## EXERCISE REQUIREMENTS:
From the records below, print only the part that opens with the line containing "[桃園美食]NOIR cof" and closes with the line containing "Tom Cruise på Verma"; omit the pictures.

## INFORMATION:

::::::::::

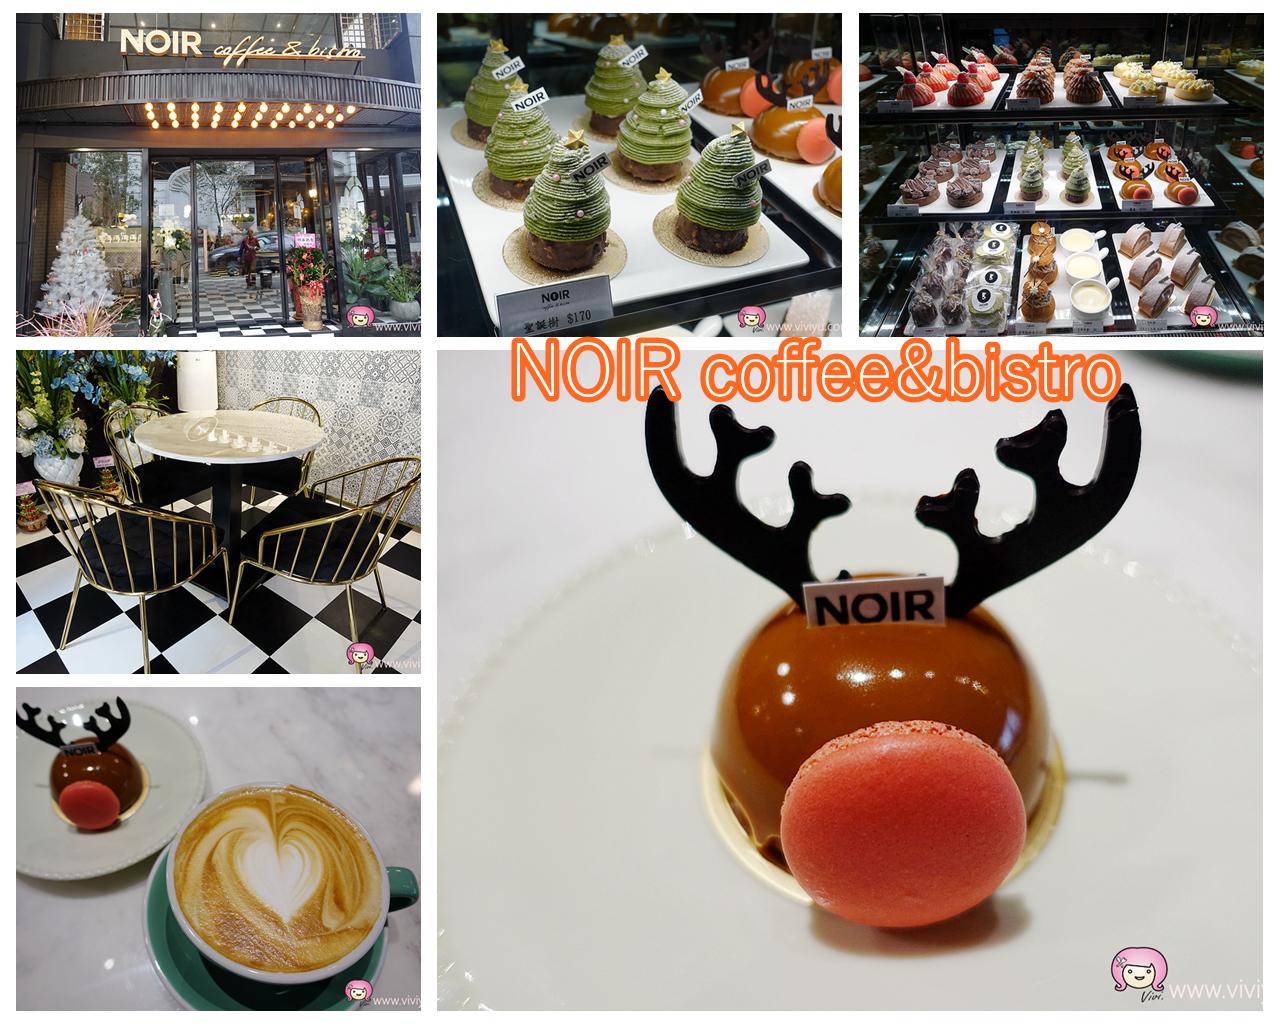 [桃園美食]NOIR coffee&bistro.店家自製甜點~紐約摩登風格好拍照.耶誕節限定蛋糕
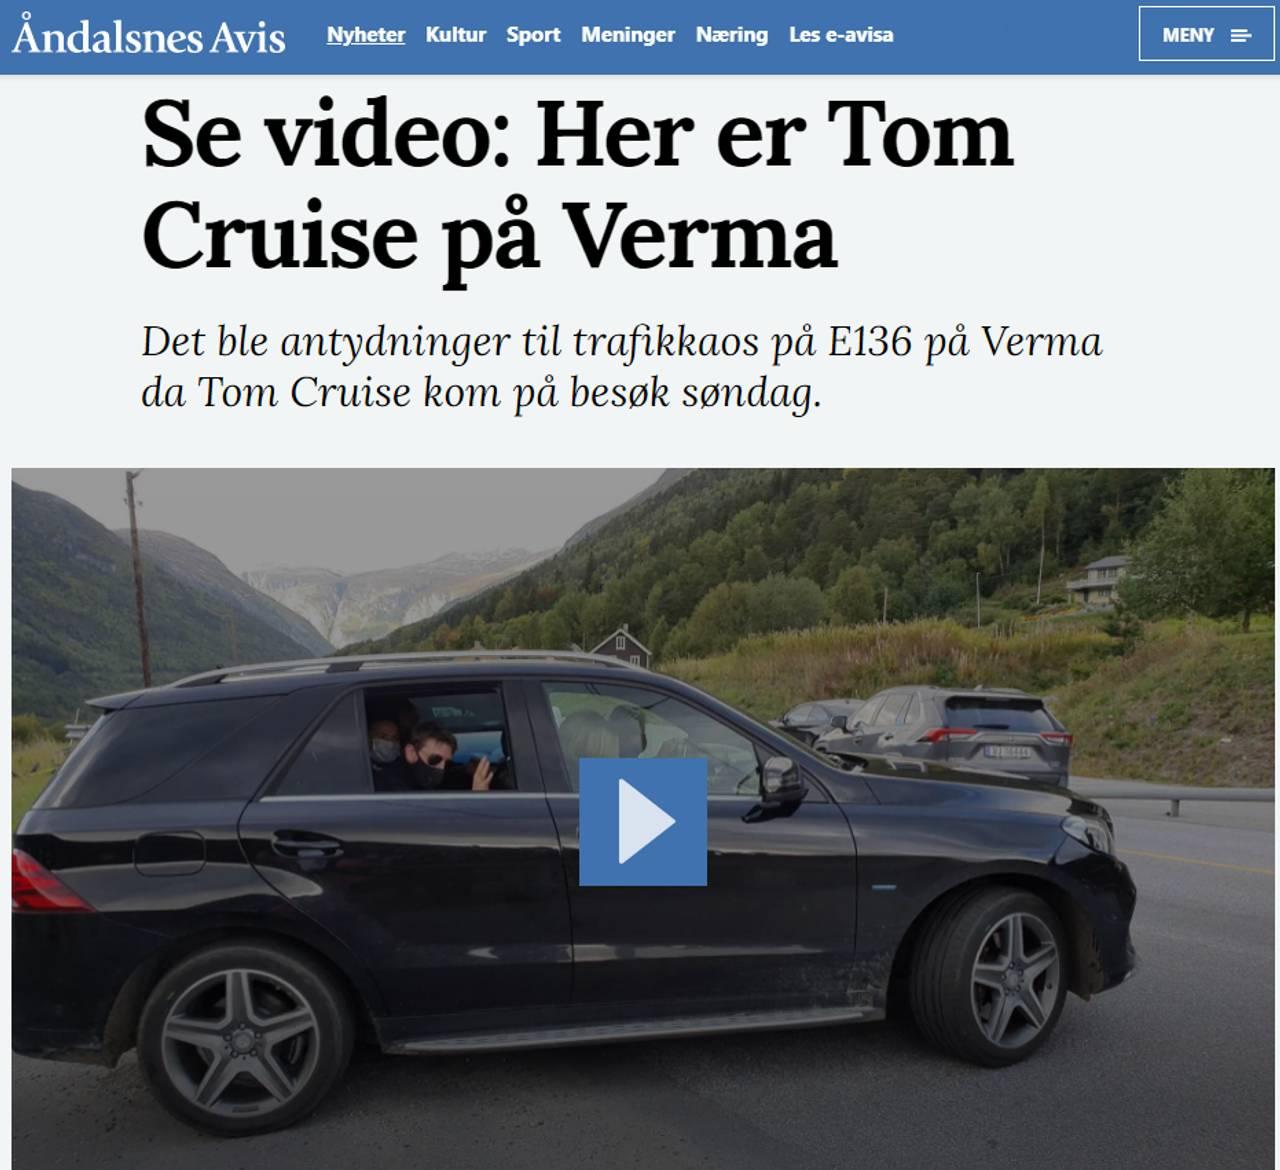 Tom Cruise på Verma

::::::::::

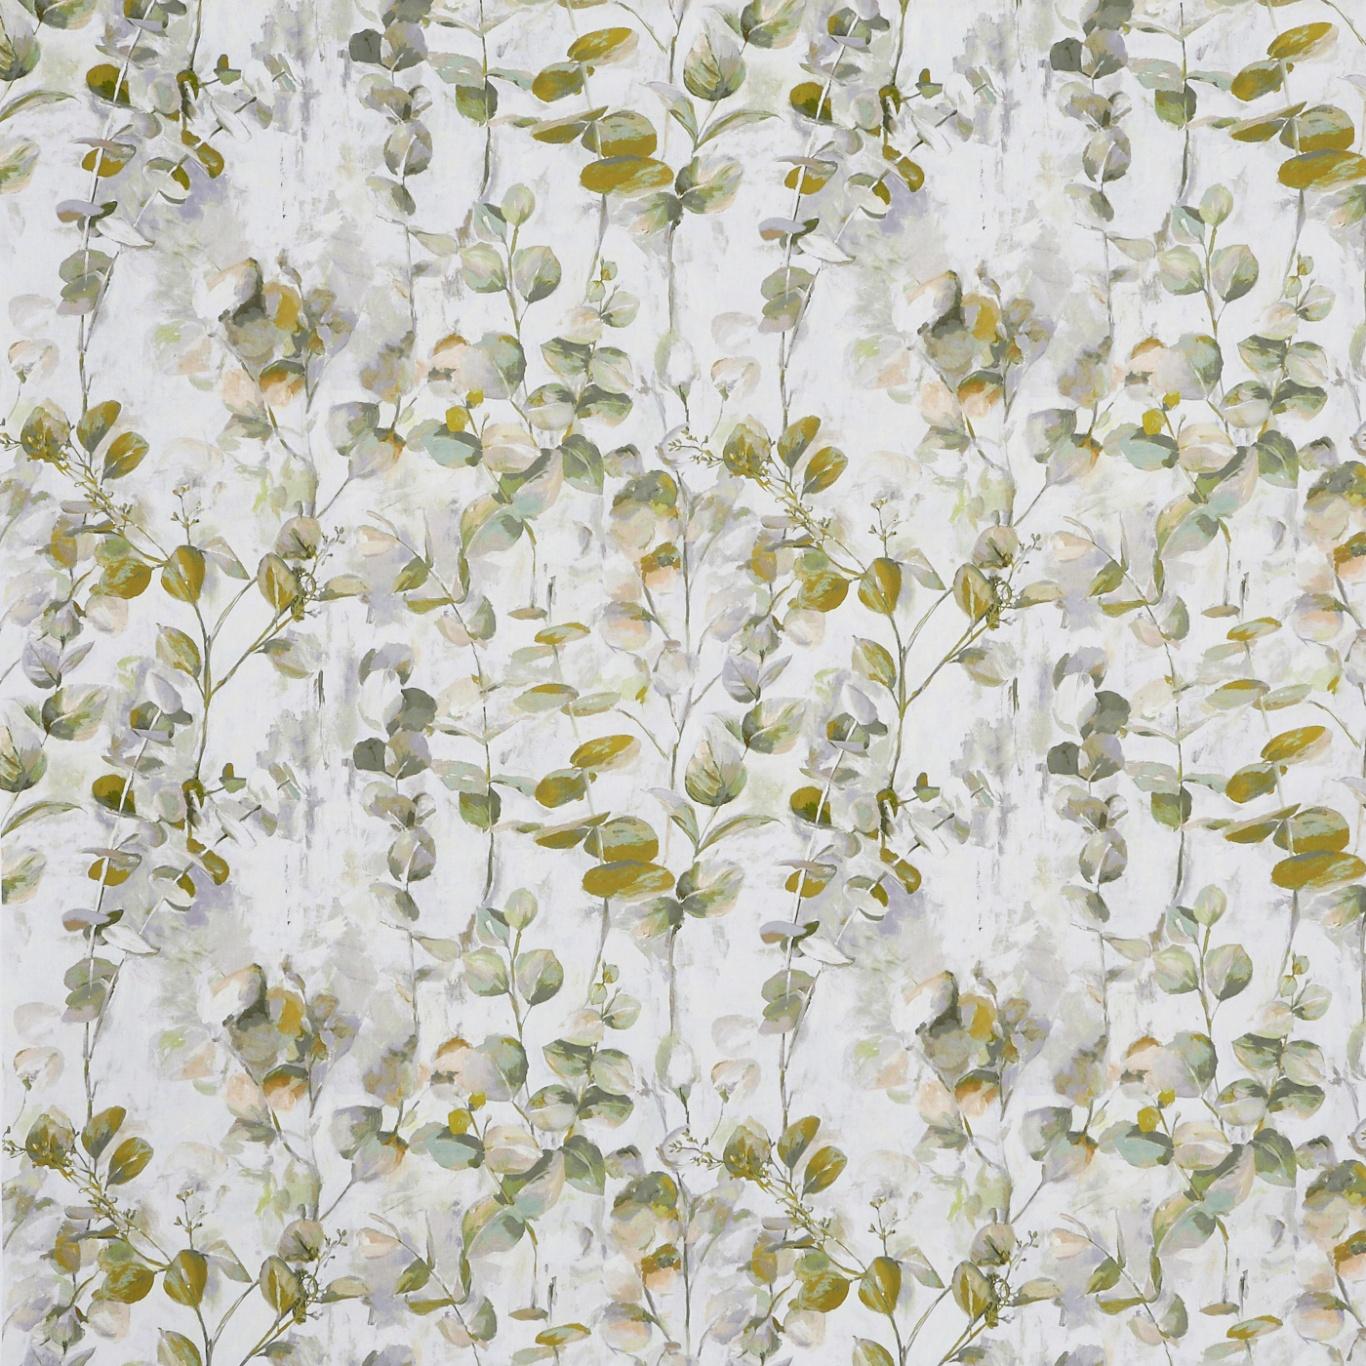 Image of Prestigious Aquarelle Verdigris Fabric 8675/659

::::::::::

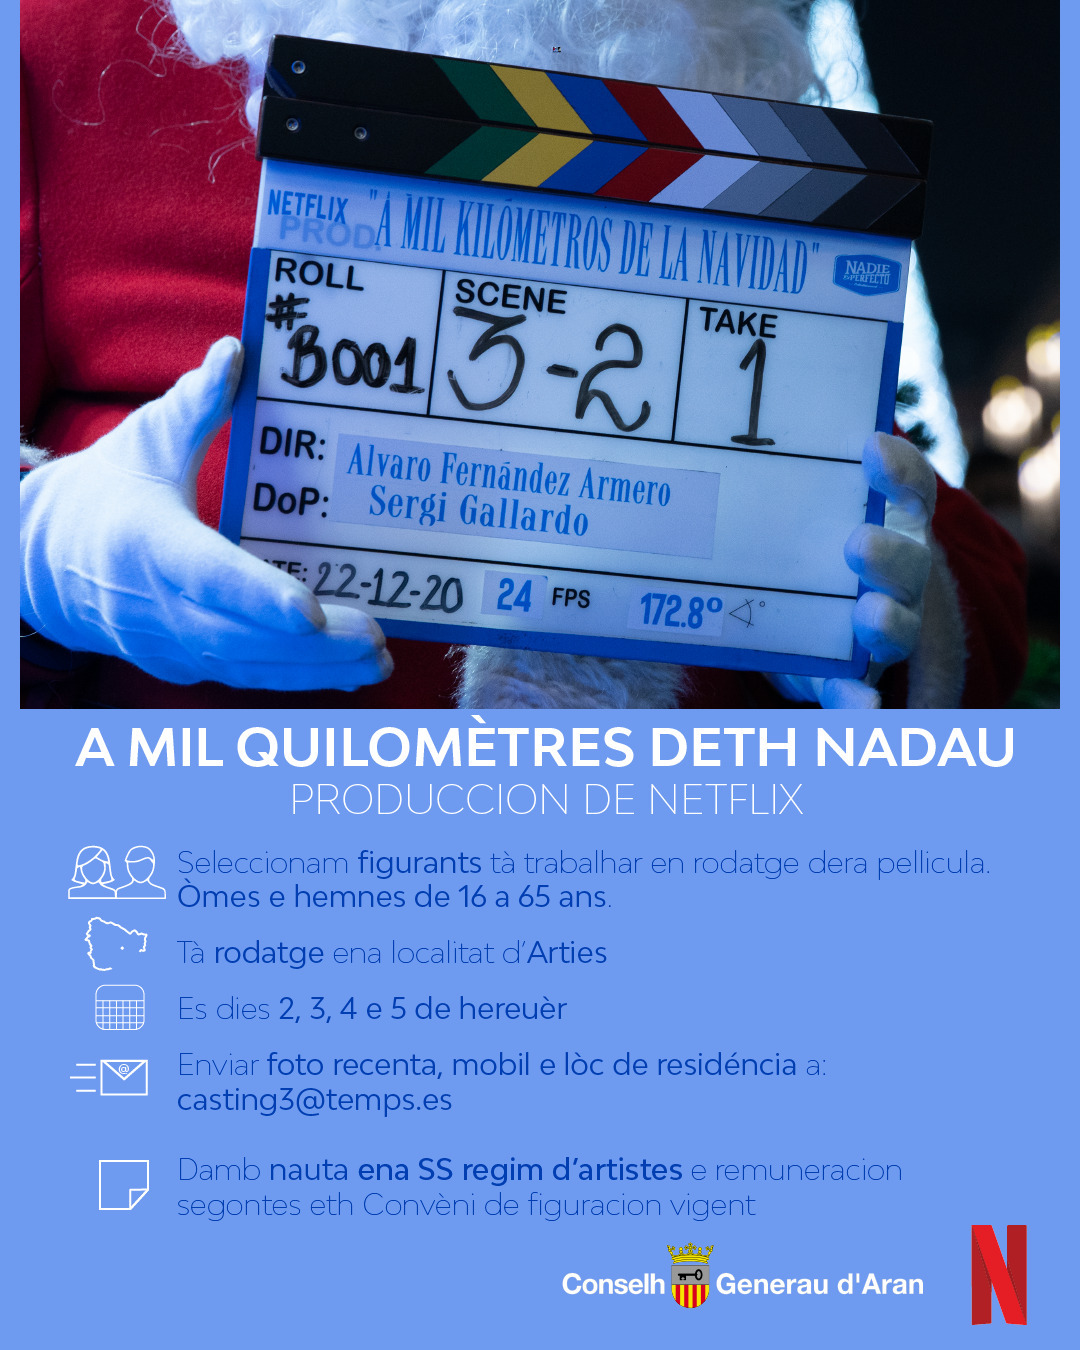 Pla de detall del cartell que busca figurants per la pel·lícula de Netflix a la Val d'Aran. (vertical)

::::::::::

## ANSWER TO THIS PROBLEM:
 [桃園美食]NOIR coffee&bistro.店家自製甜點~紐約摩登風格好拍照.耶誕節限定蛋糕
 Tom Cruise på Verma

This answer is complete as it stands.